SPRU - Science Policy Research Unit

BEIS industrial strategy report cites SPRU evidence

Evidence submitted by SPRU researchers has been cited extensively in the Business, Energy and Industrial Strategy Committee’s First Review on industrial strategy (published 3 March 2017).

A number of key recommendations in the report have been adopted from joint written evidence (ISG0111) submitted by Professors Jim Watson and Mariana Mazzucato (UCL; Associate Faculty, SPRU), which was presented by Professor Mazzucato as oral evidence in November 2016. In addition, the report cites evidence submitted by Professors Tim Foxon (ISG 32) and Paul Nightingale (ISG 134), who also gave oral evidence to the Science and Technology Select Committee on 22 February 2017.

One of its key recommendations - that industrial policy should be mission-based to address societal problems - is influenced by Professor Mazzucato’s research on mission-oriented innovation policy. In its Summary, the Committee says:

We recommend that the Government reconsider giving sectoral strategies priority and instead focus on horizontal policies and specific ‘missions’ to meet UK-wide and local public policy challenges. This will make clear that the function of the Government’s industrial strategy – and of industry itself – is to solve societal problems and it will provide a clear focus for activity across Government and industry. (p. 3)

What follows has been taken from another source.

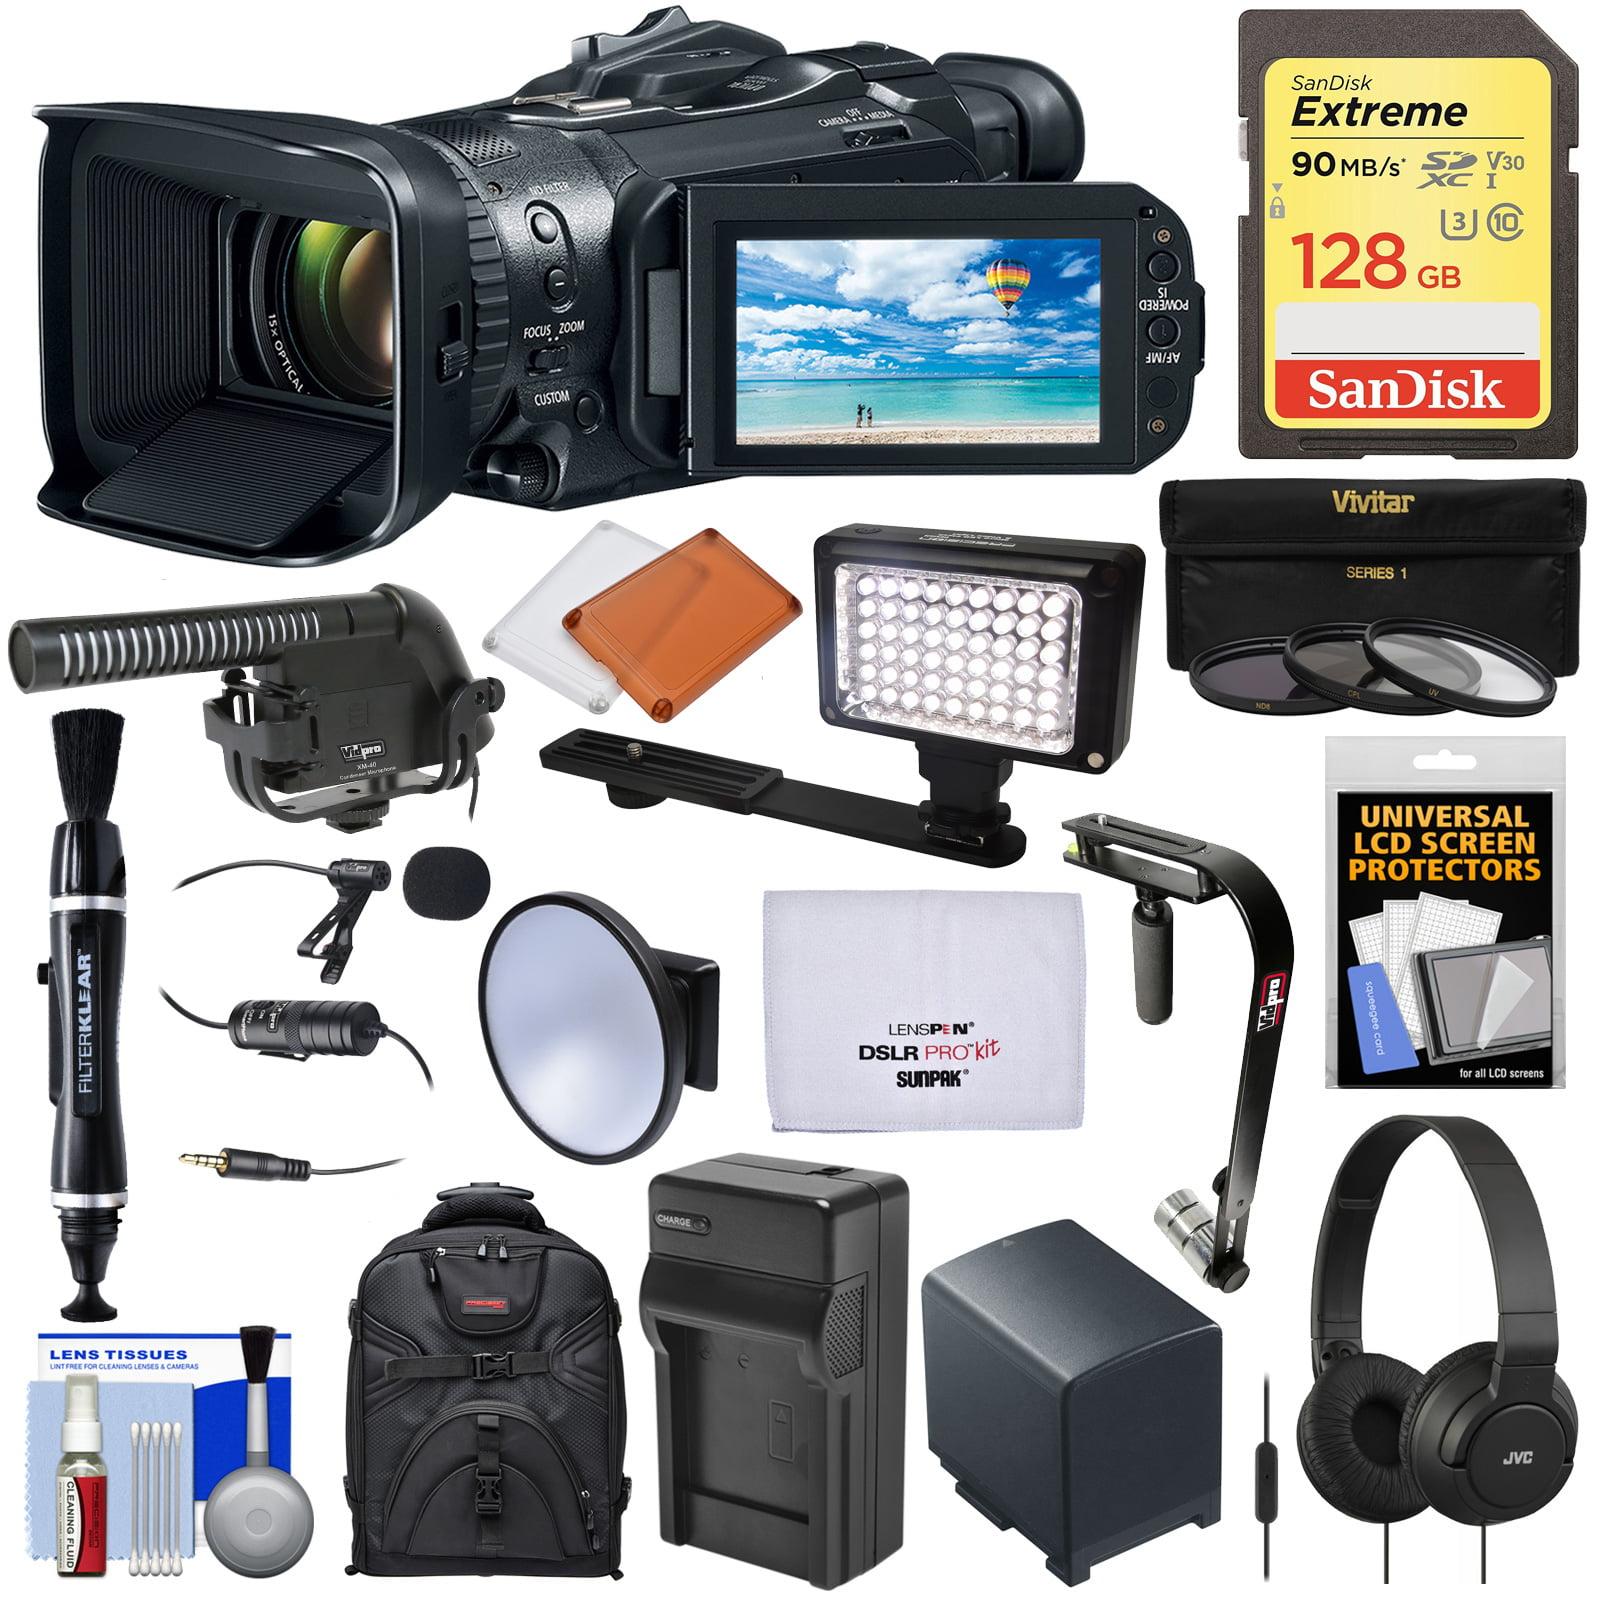 Canon Vixia GX10 Wi-Fi 4K Ultra HD Digital Video Camcorde...

Citing SPRU’s joint evidence, the report advocates a mission-based approach in contrast to sectoral strategies or picking winners, both of which risk government implementing a strategy that is too strongly influenced by the views of the strongest and most organised industry lobbies:

Past UK industrial strategies have tended to default towards a sectoral approach. There are good reasons for this, as sectors offer a good organizing basis for solving coordination problems related to, for example, skills. But there are also risks to a sectoral approach, such as capture to private lobbying interests [ … ] This is where instead of driving to the frontier of new ideas, firms influence governmental programmes and policy making. Starting with problems, not sectors, helps to minimise this problem. (SPRU written evidence, quoted on p.24)

It recommends that “a mission-based approach provides a means of articulating a positive economic vision and picking public policy challenges and allowing all sectors to put forward contributions to solving these” (p. 58).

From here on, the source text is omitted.